# handrail



## clive griffiths (8 May 2021)

I have built a deck with hardwood decking and need to put two handrails both 3.3mtrs long, there will probably be glass infill,first question do I fit the glass in one piece or two, secondly the handrail in two with a newell between or just one length,as the deck is over 2.4 mtrs high I will be fitting the h/rail 1100 instead of 900mm high.

Any thoughts
Clive.


----------



## Ollie78 (16 May 2021)

Thinking about the weight I would do the glass in smaller bits. Glass is heavy and awkward to manouver.
You might be better putting extra uprights in and glazing between them.

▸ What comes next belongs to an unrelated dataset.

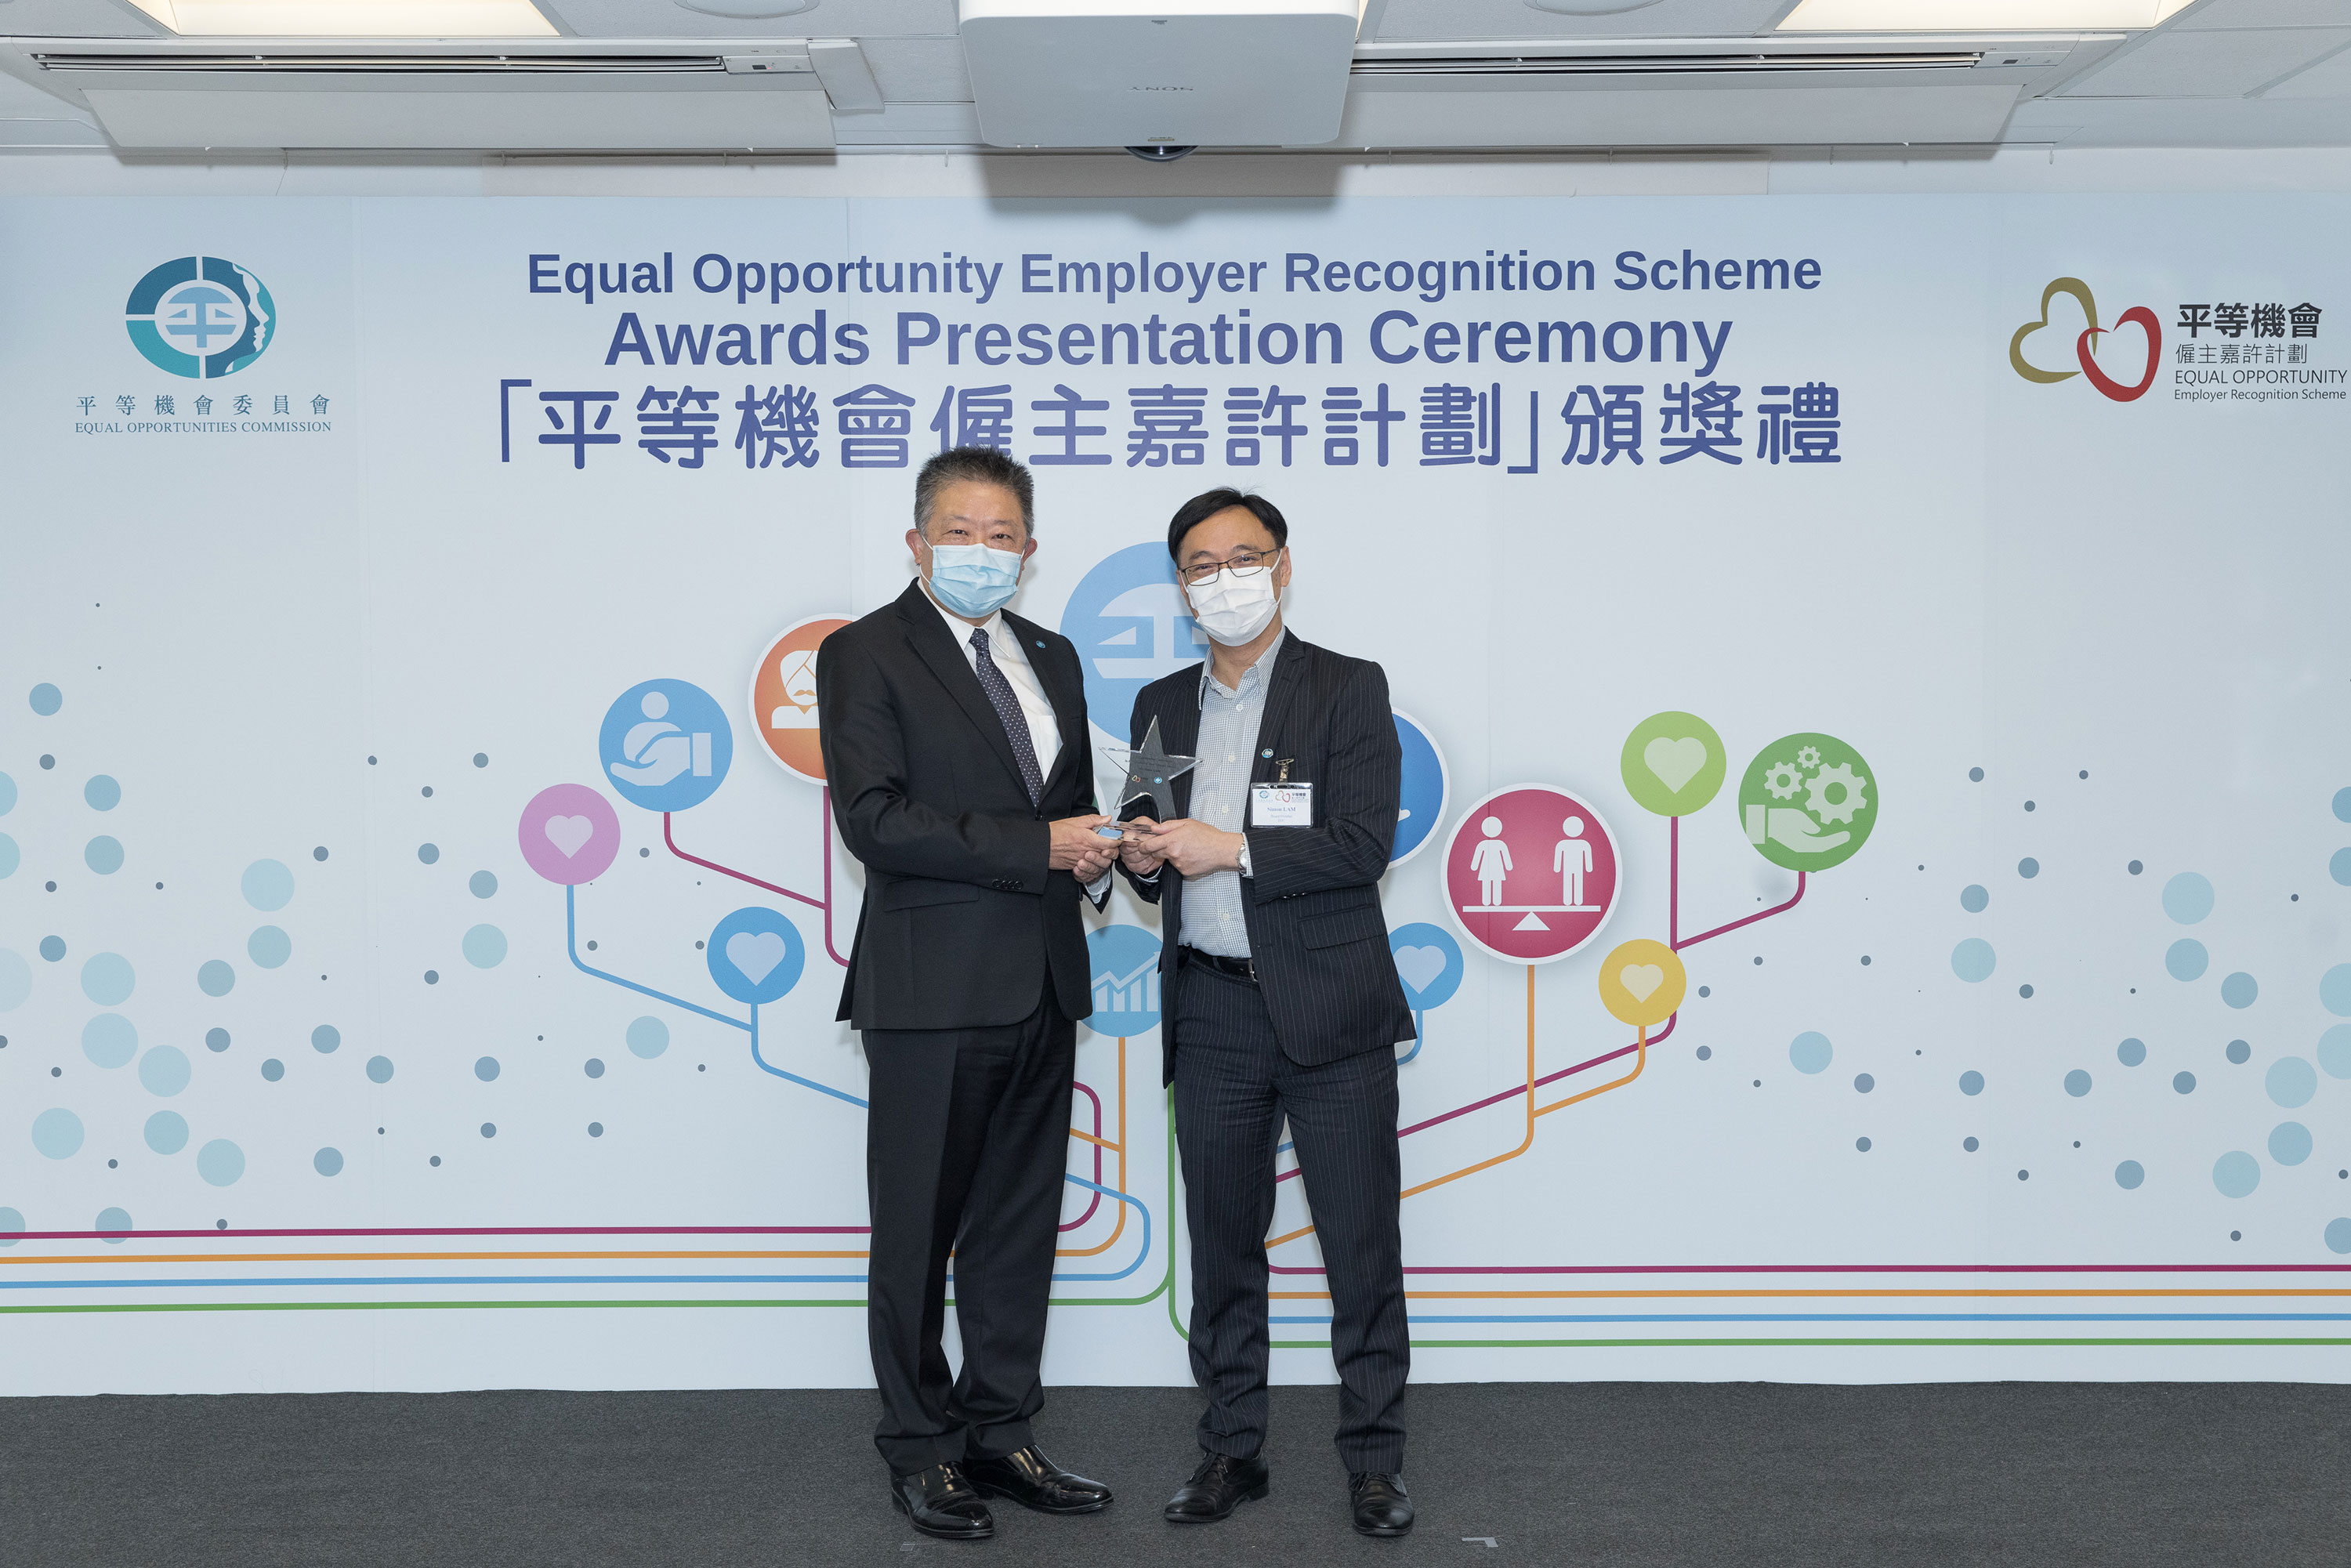 Mr Ricky CHU Man-kin, IDS, Chairperson of the Equal Opportunities Commission (left) presents souvenir to EOC Member Mr Simon LAM (right), who served as member of the assessment panel of the Equal Opportunity Employer Recognition Scheme.

Hard to say without a drawing or picture.

Ollie


----------



## Tuna808 (16 May 2021)

As Ollie says glass is heavy and a 3.3 M single sheets will probably be very expensive too.Glass fittings for landings and stairs are very strong and easy to fit,so the length should not be a problem for fitting.
If the decking is outdoors consider the location in terms of wind and access for cleaning 
I think the location and the cost would probably determine you final choice.


----------



## topchippyles (16 May 2021)

Without doubt 2 pieces on the glass. A single handrail would look much nicer as 3.3m is quite short


----------



## clive griffiths (16 May 2021)

Yes I think it will be two pieces i will send a couple of photos of before and after as soon as I learn to download them.

The deck is Yellow Balau and the handrail is Red Grandis a timber I mentioned a while ago, I purchased it from Timbmet and seems good value and good to machine.

Watch this space.


----------